Robert Bresson: The Over-Plenty of Life

Introducing a new series of essays on the "tightly-packed excess" of Robert Bresson.
Ignatiy Vishnevetsky

The phrase "the over-plenty of life" comes from J.M.G. Le Clezio—specifically, his introduction to Notes on the Cinematographer, Robert Bresson's slim, indispensable volume of aphorisms and jottings. I've chosen it at as the title for this series of essays—which will appear here over the course of the next seven weeks, as a full Bresson retrospective, programmed by the TIFF Cinematheque, plays first at Film Forum in New York and then at the Gene Siskel Film Center in Chicago before heading back to the TIFF Lightbox in February—because I feel that it conveys an attitude toward Bresson's work that's much more accurate than the bleak, "Jansenist" and (worst of all) "transcendental" Bresson familiar from the last few decades of English-language film criticism.  

Le Clezio's introduction is written in a very distinctily French mode of film-writing, one which is imminently quotable in individual parts but which tends to translate poorly as a whole to English, a notoriously specific, analytic language that doesn't easily tolerate vague pronouncements; Le Clezio writes about Bresson almost entirely in unqualified and unsupported statements, as though every fervid observation were self-evident (choice sentence: "To Bresson, art is the only possible escape from the bitterness of impotence"). And, in a sense, Le Clezio's observations are self-evident; he is, more or less, spot on. 
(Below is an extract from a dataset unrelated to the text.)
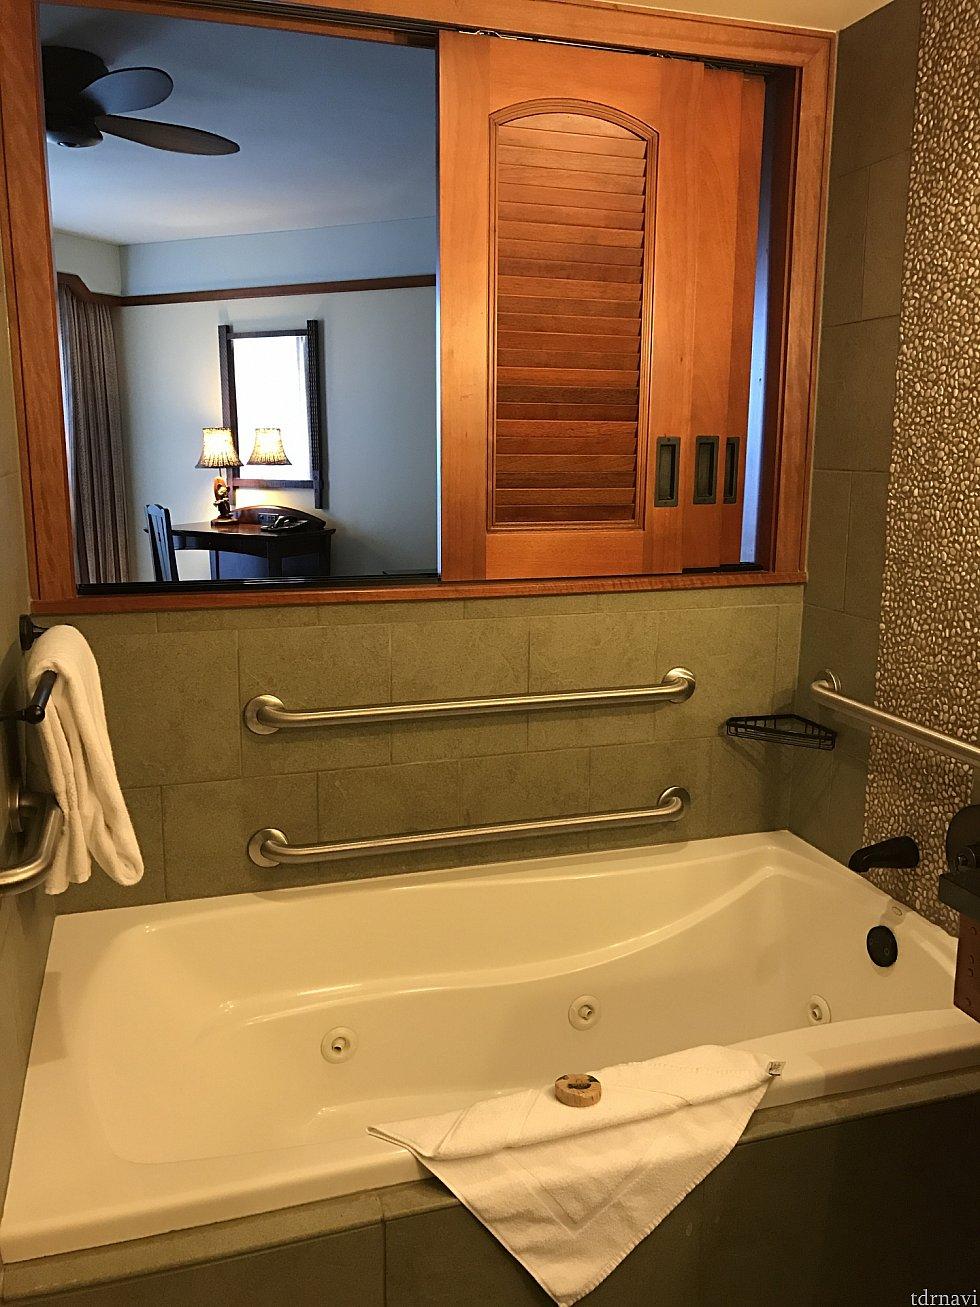 ジャクジー付きのお風呂これは2つ目のお部屋の方のお風呂です

However, in in the process of enshrining this formerly marginal filmmaker, Anglophone film culture created its own Bresson, a Bresson that bears only a passing resemblance to the filmmaker: an austere, rigid, humorless director of films on religious themes. For the most part, those aspects of the director's work that don't fit this mold are ignored (in some cases, that means whole films, including Public Affairs and Four Nights of a Dreamer). This means that I can't, for example, merely tell you that Bresson's films are lively; I have to prove it, even if, goddammit, it takes me seven shortish essays to do so.  
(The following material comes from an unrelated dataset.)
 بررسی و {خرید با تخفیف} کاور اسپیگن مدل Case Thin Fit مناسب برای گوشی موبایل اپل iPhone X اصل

Bresson was born in 1901 and died in late 1999, meaning that his life spanned nearly the whole of the 20th century. His career, in turn, covered roughly the first half-century of sound cinema, from his first screen credit in 1933 to his final feature in 1983. Bresson entered the medium just as the grammar of sound filmmaking—a grammar he'd spend most of his career resisting—had become codified; his first credit, as a matter of fact, is for the very "talkie" task of writing dialogue for a French-language version of a Friedrich Zelnik movie called There Once Was a Musician (in the first decade of sound film, before dubbing and subtitling supplanted the practice, it was common to shoot alternate-language versions of films—often with different casts and journeyman directors—for foreign distribution). By the time Bresson made his final film, L'Argent, color, widescreen, stereo and finally surround sound had all been introduced, New Waves had come and gone, and most of the directors once considered Bresson's contemporaries were dead.  

It's difficult not to see Bresson's career as a metaphor for his work. In 98 years of living and 50 years of working, he produced only thirteen features, many of them running less than an hour-and-a-half, and one short, making Bresson the only major filmmaker (other than those still living and those who died young) whose entire body of work can be seen in a day. And Notes on the Cinematographer, despite its small size, was composed over the course of 24 years. While it's true that the slimness of Bresson's output is partly owed to the financing problems he encountered (he claimed later in life to have spent part of his career sitting in producers' offices), his body of work still represents a disproportionate amount of living, thinking and experience compacted and curated into a little over a dozen movies. This tight packing, this careful sorting—and its kineticism, subtle ebullience, humor, and sensuality—is what I'll be looking at: "the over-plenty of life."